Jin Zhaosheng, Abola Ramon, Bargnes Vincent, Tsivitis Alexandra, Rahman Sadiq, Schwartz Jonathon, Bergese Sergio D, Schabel Joy E
Department of Anesthesiology, Stony Brook University Hospital, Stony Brook, New York, NY, United States.
Front Artif Intell. 2025 May 21;8:1582096. doi: 10.3389/frai.2025.1582096. eCollection 2025.

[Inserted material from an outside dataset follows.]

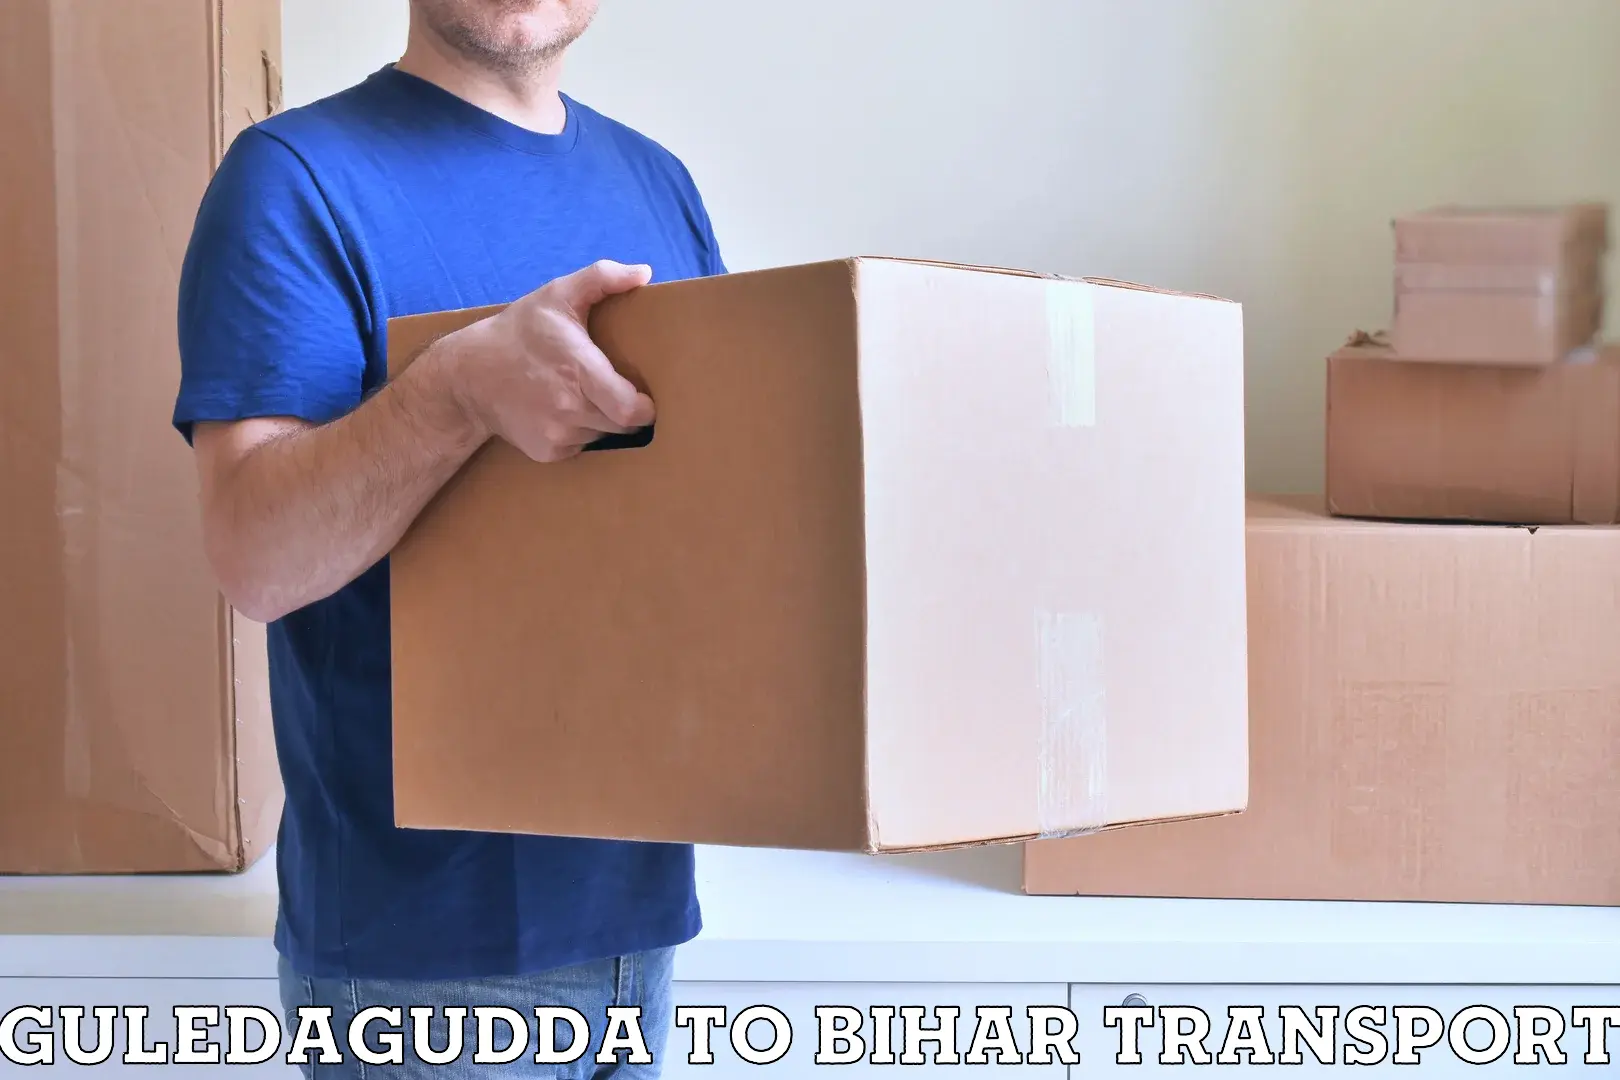 Container transportation services Guledagudda to IIIT Bhagalpur

The popularization of large language chatbots such as ChatGPT has led to growing utility in various biomedical fields. It has been shown that chatbots can provide reasonably accurate responses to medical exam style questions. On the other hand, chatbots have known limitations which may hinder their utility in medical education. We conducted a pragmatically designed study to evaluate the accuracy and completeness of ChatGPT generated responses to various styles of prompts, based on entry-level anesthesiology topics. Ninety-five unique prompts were constructed using topics from the Anesthesia Knowledge Test 1 (AKT-1), a standardized exam undertaken by US anesthesiology residents after 1 month of specialty training. A combination of focused and open-ended prompts was used to evaluate its ability to present and organize information. We also included prompts for journal references, lecture outlines, as well as biased (medically inaccurate) prompts. The responses were independently scored using a 3-point Likert scale, by two board-certified anesthesiologists with extensive experience in medical education. Fifty-two (55%) responses were rated as completely accurate by both evaluators. For longer responses prompts, most of the responses were also deemed complete. Notably, the chatbot frequently generated inaccurate responses when asked for specific literature references and when the input prompt contained deliberate errors (biased prompts). Another recurring observation was the conflation of adjacent concepts (e.g., a specific characteristic was attributed to the wrong drug under the same pharmacological class). Some of the inaccuracies could potentially result in significant harm if applied to clinical situations. While chatbots such as ChatGPT can generate medically accurate responses in most cases, its reliability is not yet suited for medical and clinical education. Content generated by ChatGPT and other chatbots will require validation prior to use.
ChatGPT等大型语言聊天机器人的普及已使其在各个生物医学领域的应用越来越广泛。研究表明,聊天机器人能够对医学考试风格的问题给出合理准确的回答。然而,聊天机器人也存在一些已知的局限性,这可能会阻碍它们在医学教育中的应用。我们开展了一项设计务实的研究,以评估ChatGPT针对基于麻醉学入门主题的各种类型提示所生成回答的准确性和完整性。我们使用美国麻醉学住院医师在接受1个月专业培训后参加的标准化考试“麻醉知识测试1(AKT - 1)”中的主题构建了95个独特的提示。我们使用了聚焦式提示和开放式提示相结合的方式来评估其呈现和组织信息的能力。我们还纳入了关于期刊参考文献、讲座大纲的提示,以及有偏差的(医学上不准确的)提示。两位具有丰富医学教育经验的 board - certified麻醉师使用3点李克特量表对回答进行独立评分。52条(55%)回答被两位评估者都评为完全准确。对于较长的回答提示,大多数回答也被认为是完整的。值得注意的是,当被要求提供特定文献参考时,以及当输入提示包含故意错误(有偏差的提示)时,聊天机器人经常会生成不准确的回答。另一个反复出现的观察结果是相邻概念的混淆(例如,同一药理学类别下的特定特征被错误地归因于错误的药物)。如果将其中一些不准确之处应用于临床情况,可能会造成重大危害。虽然像ChatGPT这样的聊天机器人在大多数情况下能够生成医学上准确的回答,但其可靠性尚不适用于医学和临床教育。在使用之前,ChatGPT和其他聊天机器人生成的内容需要进行验证。